Again, no, what kind of search queries questions people want to answer. If you want to answer questions around deadlines, we need to have indices that can process deadlines. [00:15:00] If you want to have questions around ownership, we need to make sure that metadata is available in the text chunks that we would return to the language model.

hugo: Very cool. So we've got a couple of questions. and it's super interesting. Vijay has asked how, cause we're talking about summarization among many other things. How does one even evaluate how well an LLM summarizes a piece of text? Is that kind of judgment even quantifiable?

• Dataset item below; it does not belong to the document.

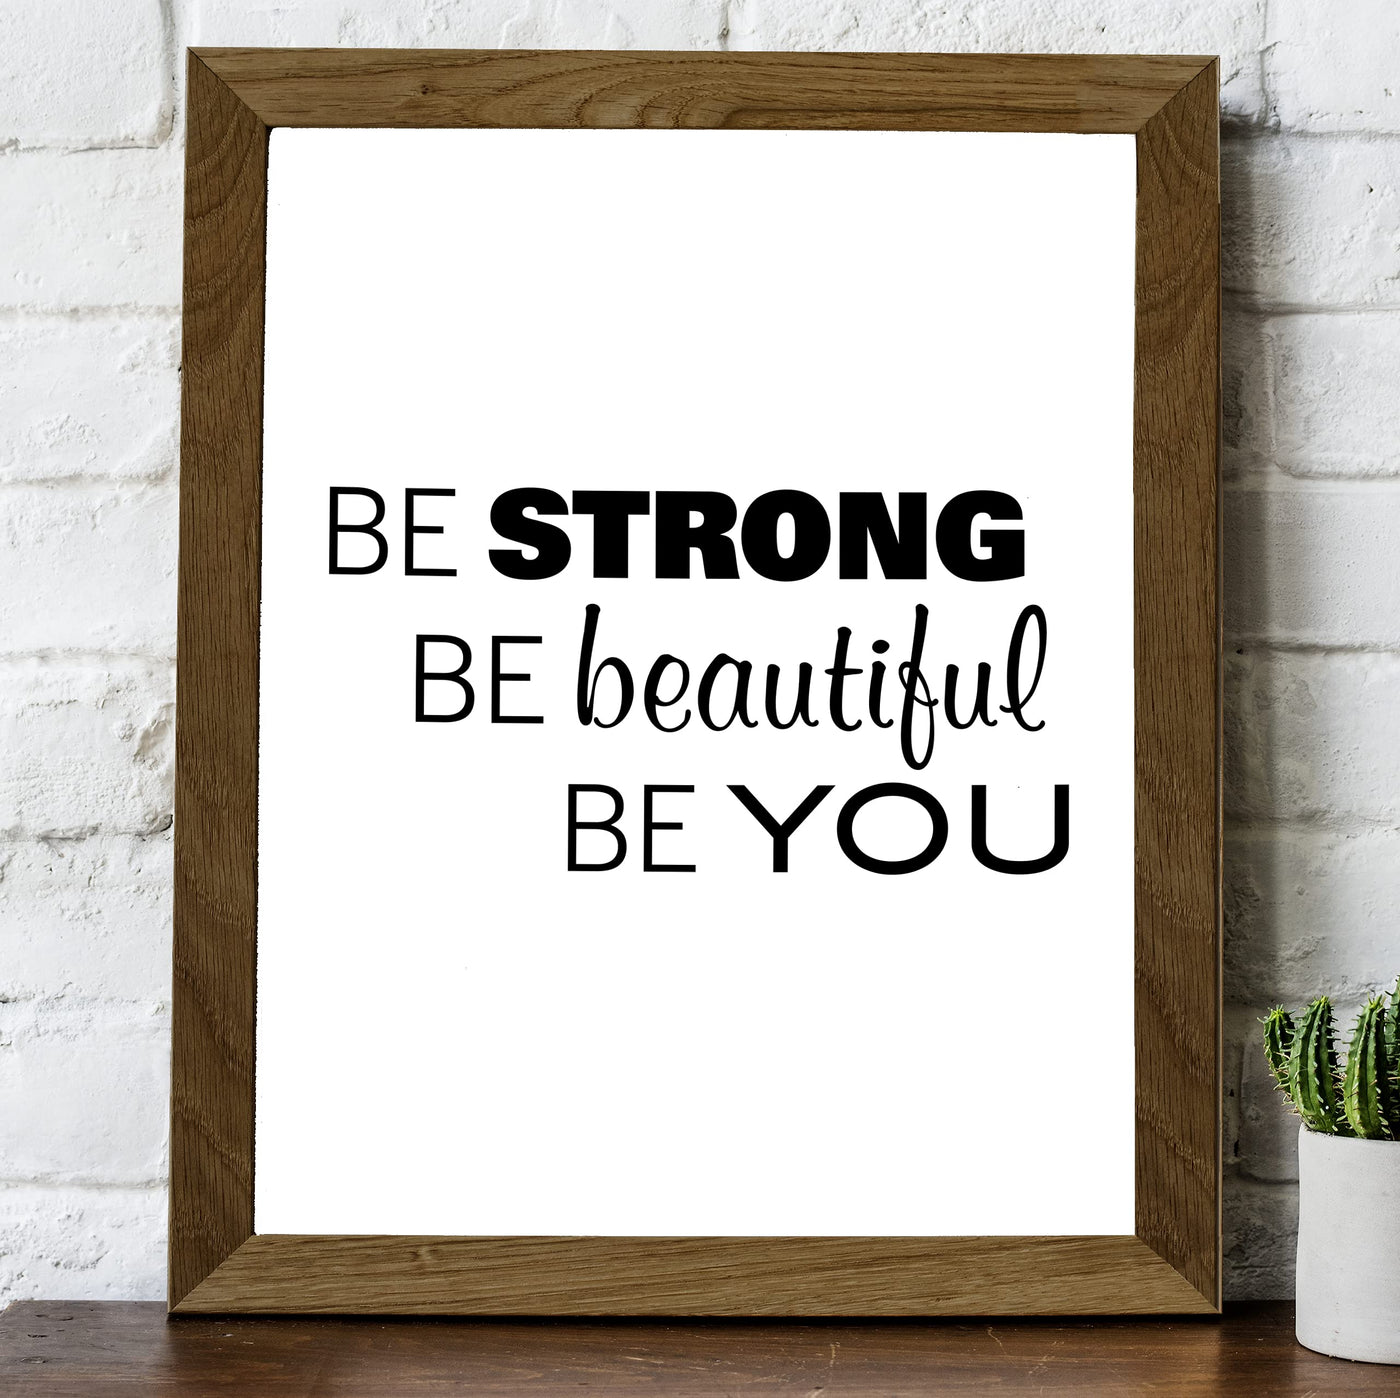 Be Strong-Beautiful-Be You Inspirational Quotes Wall Sign-8x10" Farmhouse Art Print-Ready to Frame. Modern Typography Design. Motivational Home-Office-Desk-School Decor. Great Gift for Inspiration!

jason: Yeah, I think, I think in the literature, people think of summarization as just did the words get shorter or was it abstractive and was it extractive? And I think Eugene Yang has a lot of great writing on that.for these cases that I have really focused on, it's a lot more nuanced, right?

Like to me, summarization includes taking lectures and turning them into flashcards. It includes extraction, action items out of, transcripts, right? And you can build very specific, Evaluations on whether or not for every action item was the speaker assigned correctly. Was it, of all the important notes that we included, did we actually extract all the [00:16:00] correct action items, right?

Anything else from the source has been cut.